What’s Ghost and Referral Spam Traffic and Why Does it Suck?
Spam has evolved. It’s not just an inbox & search engine problem anymore. It’s found its way into your Google Analytics account. Just like how spammers will bend to the lowest denominator to try to squeeze into your email inbox, they’ve picked up on flaws in the system to show up in data reports.
With the dimmest glimmer of hope that you’ll wonder what the hell they’re doing in your report and visit their website out of curiosity.
Tell me about it! It makes data a mess—for both my personal sites and client’s sites that I work with at The Magistrate.
But, moar web traffic?
The thing is, these bots never actually visit your site.
They can still really skew your analytics numbers, including key stats like bounce rate and other engagement metrics.
If you’re making big content marketing investments based on these numbers, it’s important that they’re as accurate as they can be.
This has made ghost and referral spam traffic a big problem for:
- Small businesses and solopreneurs
- Medium businesses with no dedicated marketer
- Marketing Agencies small and large
And the kicker? These agents of Voldemort work fast. Real fast.
Not only are the numbers of hits from spam increasing everyday, but so are the sources that have to be blacklisted and eliminated.
We’ve even seen referral spammers try such nonsensical techniques as trying to disguise themselves as Google. Why? Who knows?
Here is what we see on our side:
It’s particularly troubling if your site is relatively new Australia Phone number and is not yet getting much legitimate web traffic. The spam percentages are much higher, and will skew your data much more than if your site has thousands of hits a day.
Here’s an example of a personal site of mine. I haven’t paid much attention to it, so it doesn’t get a lot of hits. But with a quick look at the orange segment, you can see that only 80% of the traffic recorded in Analytics is legitimate. 20% is spam traffic!
The bottom line is that you need clean data to make informed decisions about your website. And to do that, you need to address and clean up this mess.
Start now, because they are only going to improve their game.
Ever Wonder How Easy It Is?
A single referrer record in analytics is a single “page load”
That tracking “page load” took 0.001 seconds on a server somewhere. At the same time, that server was also loading 100 other “page loads” for different sites to muscle their way into everyone’s GA account.
When you consider how easy it is to buy another (twenty) $5 host, you’ll really grasp the how easy it is for this system to get way out of hand.

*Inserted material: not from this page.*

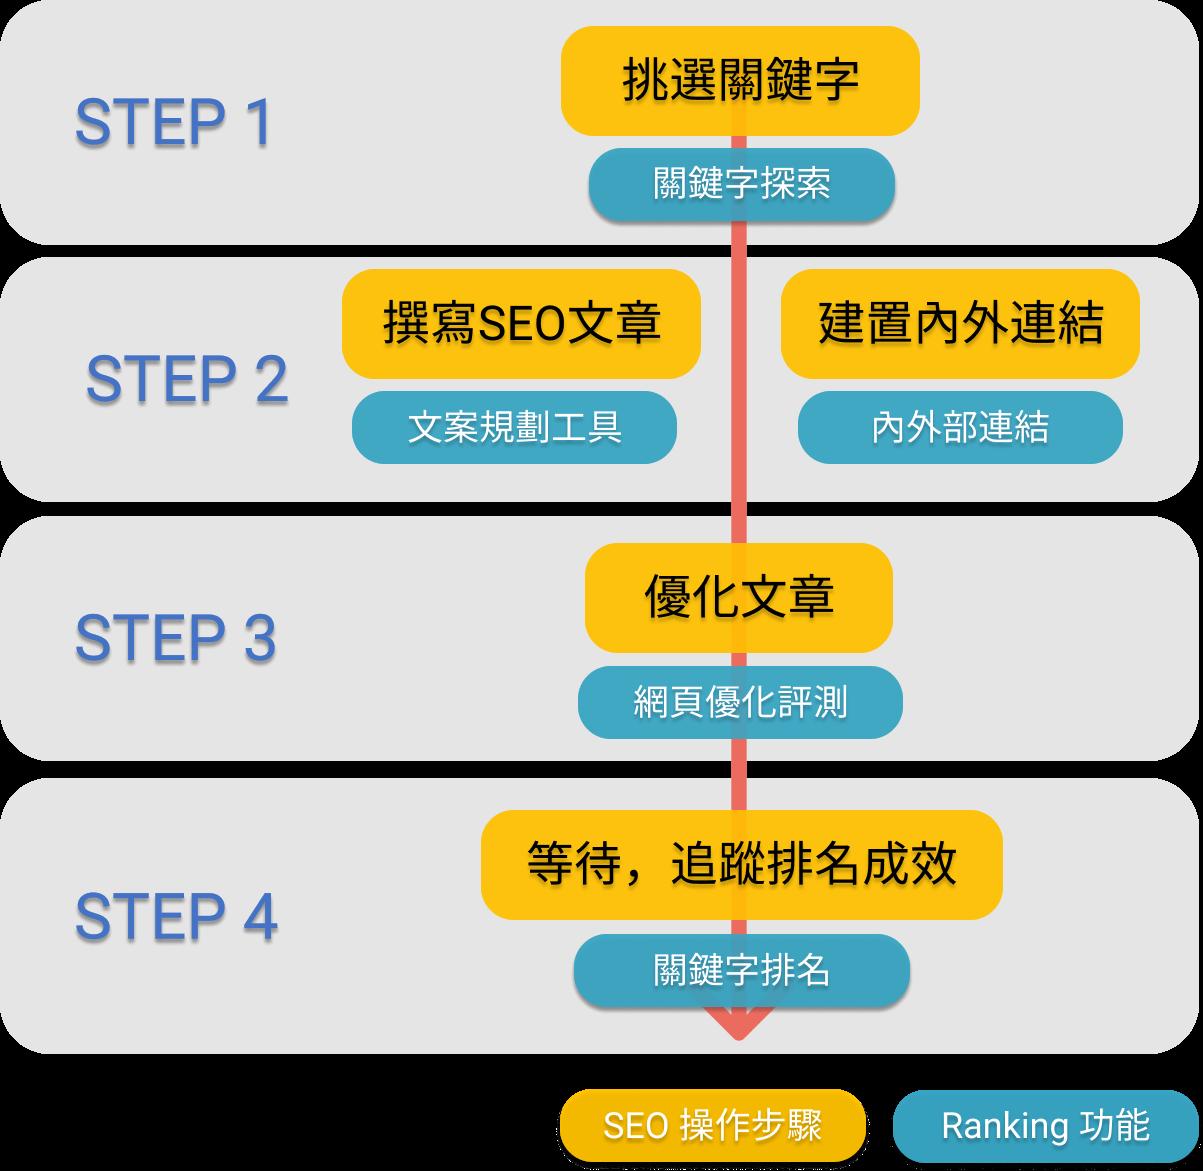 運用 Ranking 操作 SEO 四大流程

If the ROI is there, this problem gets far worse before it gets any better.
Coming Up Short: Tactics that Don’t Take it All the Way
This issue first became known to the public a few years ago when a mysterious online service called Semalt (hate these jerks) started to use the technique to appear on Analytics reports.
And, as always, social media reacted.
If you don’t believe them, believe me. It was everywhere–It’s still rampant.
But with a big problem comes an innovative solution, or so we thought.
As it turns out, these spammers are so active, and their technique is so good, that many techniques pitched as being a “solution” did not work.
Hell, you’ve probably tried a few of them yourself.
In preparation for this article, I went through my considerable amount of browser bookmarks and my Pocket archive to find all of the guides I had used before prioritizing this in-house fix for our team.
Techniques that do not actually solve this problem include:
- Changing your .htcaccess file — This method will not work with advanced tactics. Ghost spam never touches your site therefore renders this method useless.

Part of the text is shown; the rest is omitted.